Created 09-01-2016 07:46 AM
I was able to successfully setup Hive 1.2.1 with Hadoop 2.7.1, using yarn as the mapreduce framework. For debugging certain queries (am trying to attach a debugger and go through the operators), now I'm trying to use the local mode. i.e.
After switching to the local mode, I could see queries running, but I can't locate the logs for those jobs. Checked in the log folder but can't find any folder (I was looking for a syslog put inside a folder specific to a particular job), or a log starting with job id. How can I get those logs?
These are all the properties I have in mapred-site.xml
<property> <name>mapreduce.framework.name</name> <value>local</value> </property> <property> <name>mapred.child.java.opts</name> <value>-Xmx512m</value> </property> <property> <name>mapred.job.tracker</name> <value>local</value> </property>
Created 09-01-2016 09:02 PM
The Apache Hive Wiki https://cwiki.apache.org/confluence/display/Hive/GettingStarted has details on logging, including local mode and version differences.

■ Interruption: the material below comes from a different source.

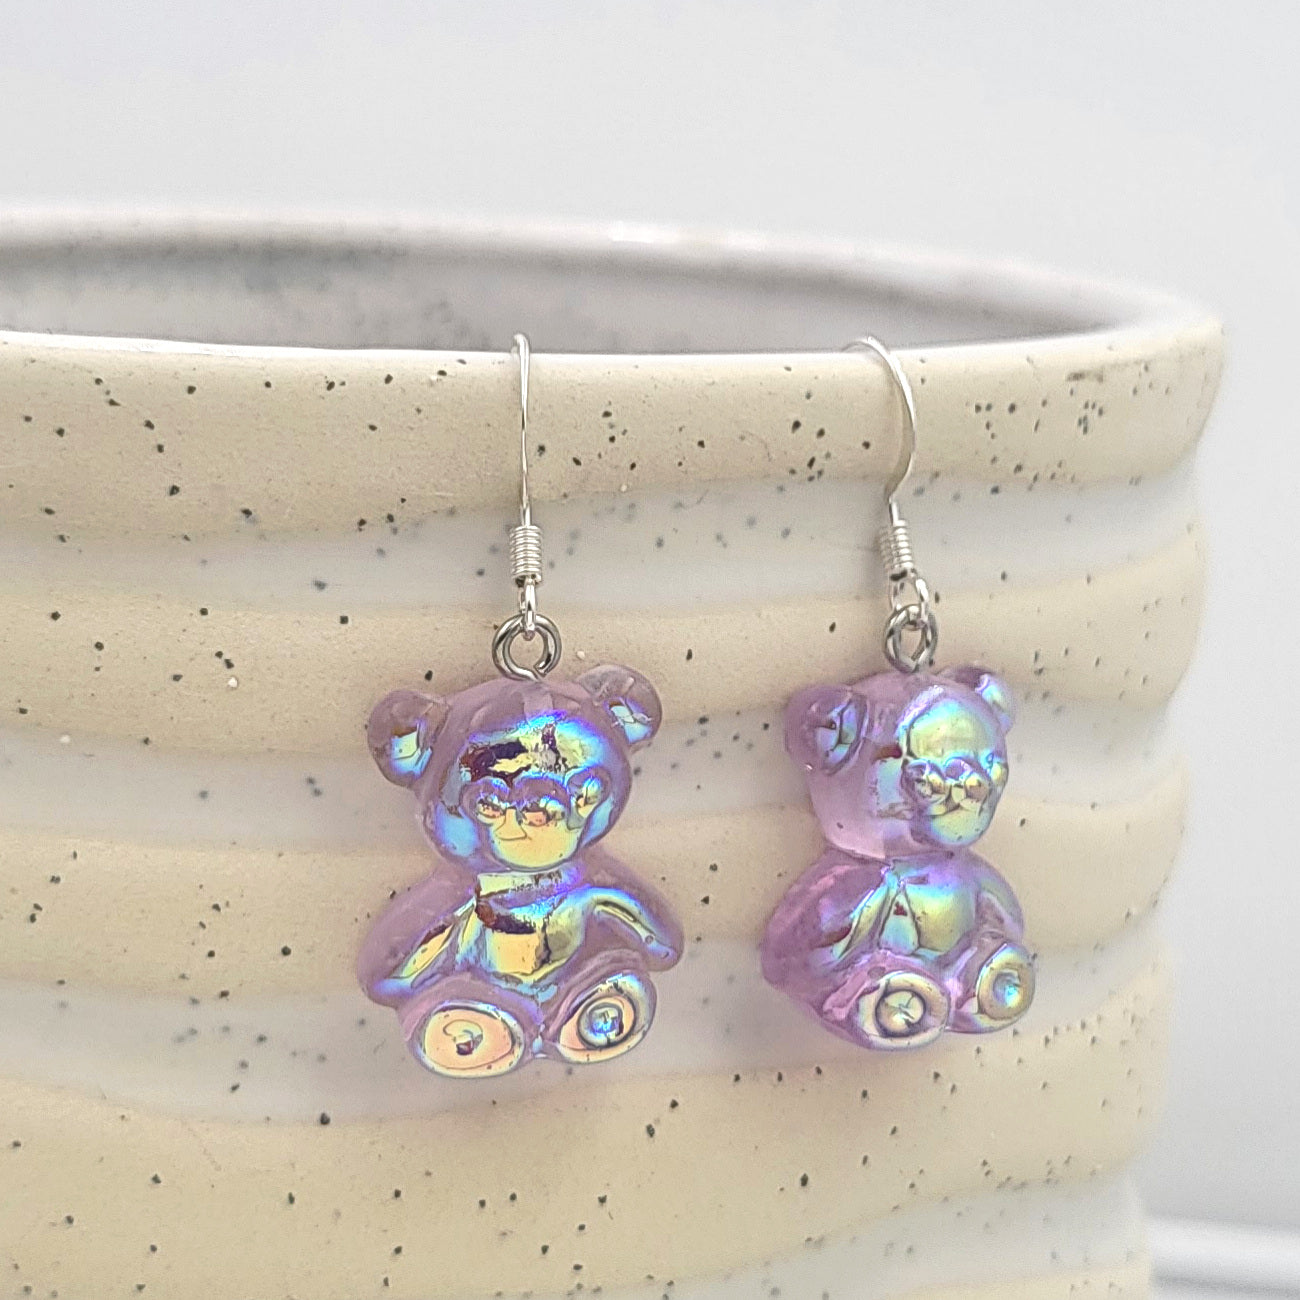 BESHEEK Silvertone and Purple Resin Gummy Bear Dangle Earrings | Hypoallergenic Boho Kitchsy Artistic Funky Cute Style Fashion Earrings
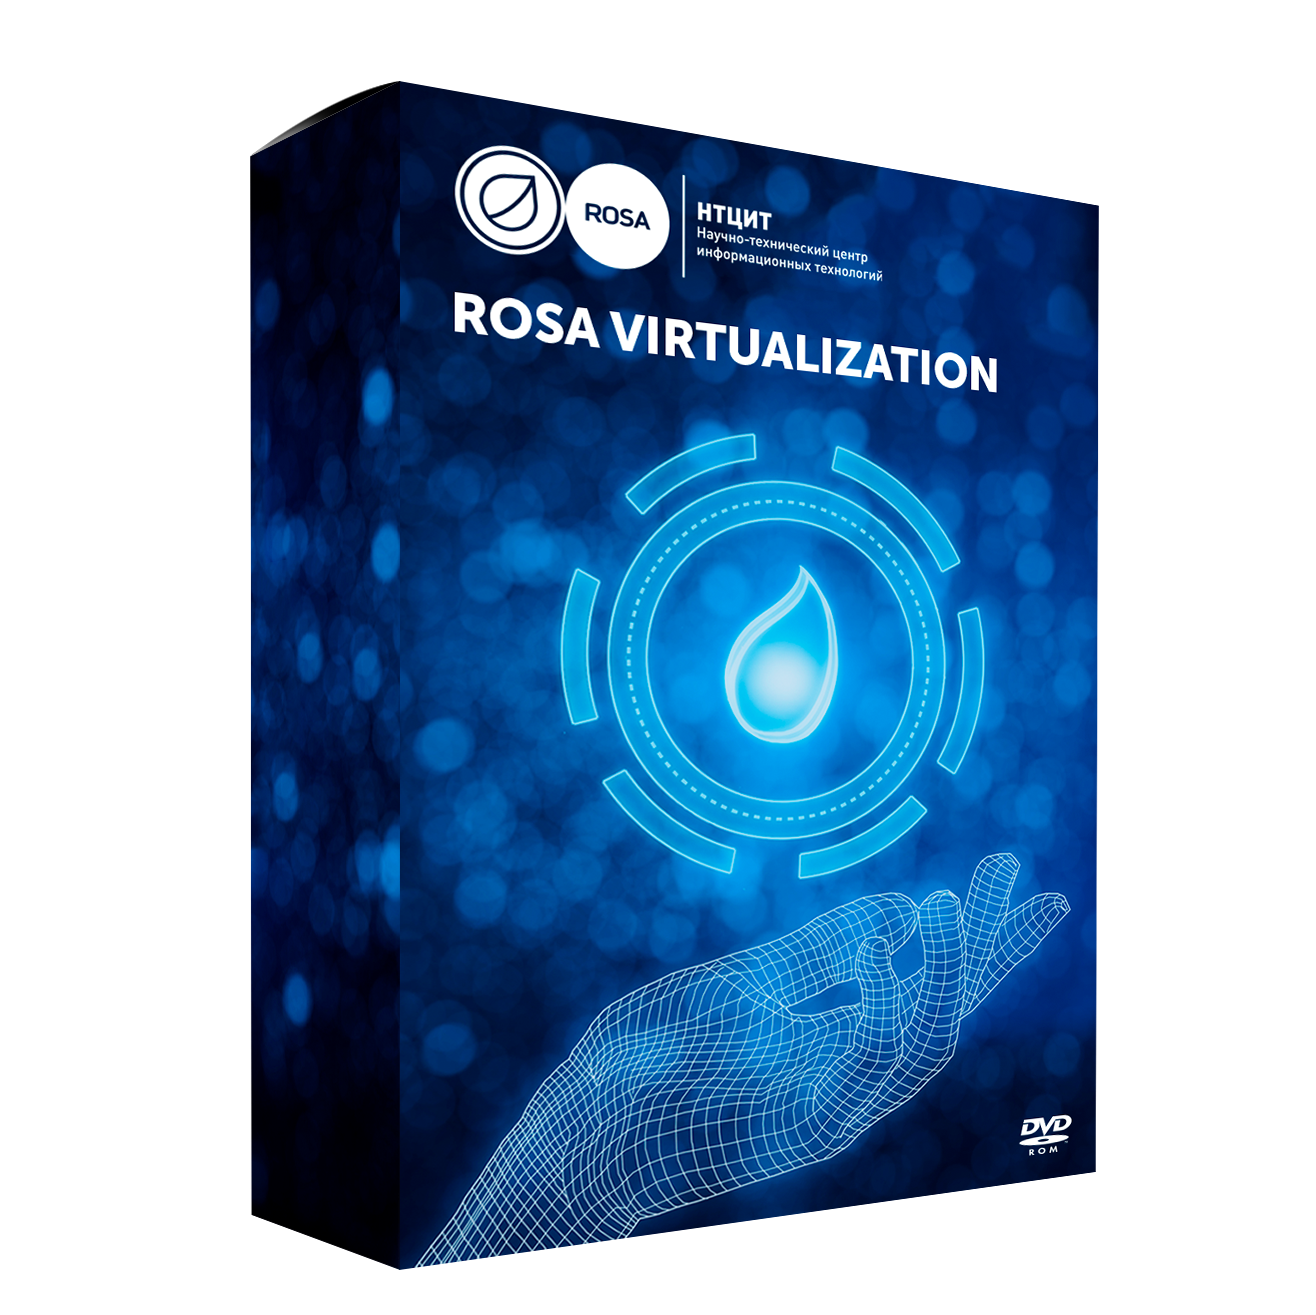 Сертификат продления стандартной технической поддержки для системы виртуализации ROSA Virtualization (100VM), сроком 1 год

I have pasted the key info below but see link above for more.
Hive uses log4j for logging. By default logs are not emitted to the console by the CLI. The default logging level is WARN
for Hive releases prior to 0.13.0. Starting with Hive 0.13.0, the default logging level is INFO
.
The logs are stored in the directory /tmp/<user.name>
:
/tmp/<user.name>/hive.log
Note: In local mode, prior to Hive 0.13.0 the log file name was ".log
" instead of "hive.log
". This bug was fixed in release 0.13.0 (see HIVE-5528 and HIVE-5676).To configure a different log location, set hive.log.dir
in $HIVE_HOME/conf/hive-log4j.properties. Make sure the directory has the sticky bit set (chmod 1777 <dir>
).
hive.log.dir=<other_location>
If the user wishes, the logs can be emitted to the console by adding the arguments shown below:
bin/hive --hiveconf hive.root.logger=INFO,console //for HiveCLI (deprecated)
bin/hiveserver2 --hiveconf hive.root.logger=INFO,console
Alternatively, the user can change the logging level only by using:
bin/hive --hiveconf hive.root.logger=INFO,DRFA //for HiveCLI (deprecated)
bin/hiveserver2 --hiveconf hive.root.logger=INFO,DRFA
Another option for logging is TimeBasedRollingPolicy (applicable for Hive 0.15.0 and above, HIVE-9001) by providing DAILY option as shown below:
bin/hive --hiveconf hive.root.logger=INFO,DAILY //for HiveCLI (deprecated)
bin/hiveserver2 --hiveconf hive.root.logger=INFO,DAILY
Note that setting hive.root.logger
via the 'set' command does not change logging properties since they are determined at initialization time.
Hive also stores query logs on a per Hive session basis in /tmp/<user.name>/
, but can be configured in hive-site.xml with the hive.querylog.location
property.
Logging during Hive execution on a Hadoop cluster is controlled by Hadoop configuration. Usually Hadoop will produce one log file per map and reduce task stored on the cluster machine(s) where the task was executed. The log files can be obtained by clicking through to the Task Details page from the Hadoop JobTracker Web UI.
When using local mode (using mapreduce.framework.name=local
), Hadoop/Hive execution logs are produced on the client machine itself. Starting with release 0.6 – Hive uses the hive-exec-log4j.properties
(falling back to hive-log4j.properties
only if it's missing) to determine where these logs are delivered by default. The default configuration file produces one log file per query executed in local mode and stores it under /tmp/<user.name>
. The intent of providing a separate configuration file is to enable administrators to centralize execution log capture if desired (on a NFS file server for example). Execution logs are invaluable for debugging run-time errors.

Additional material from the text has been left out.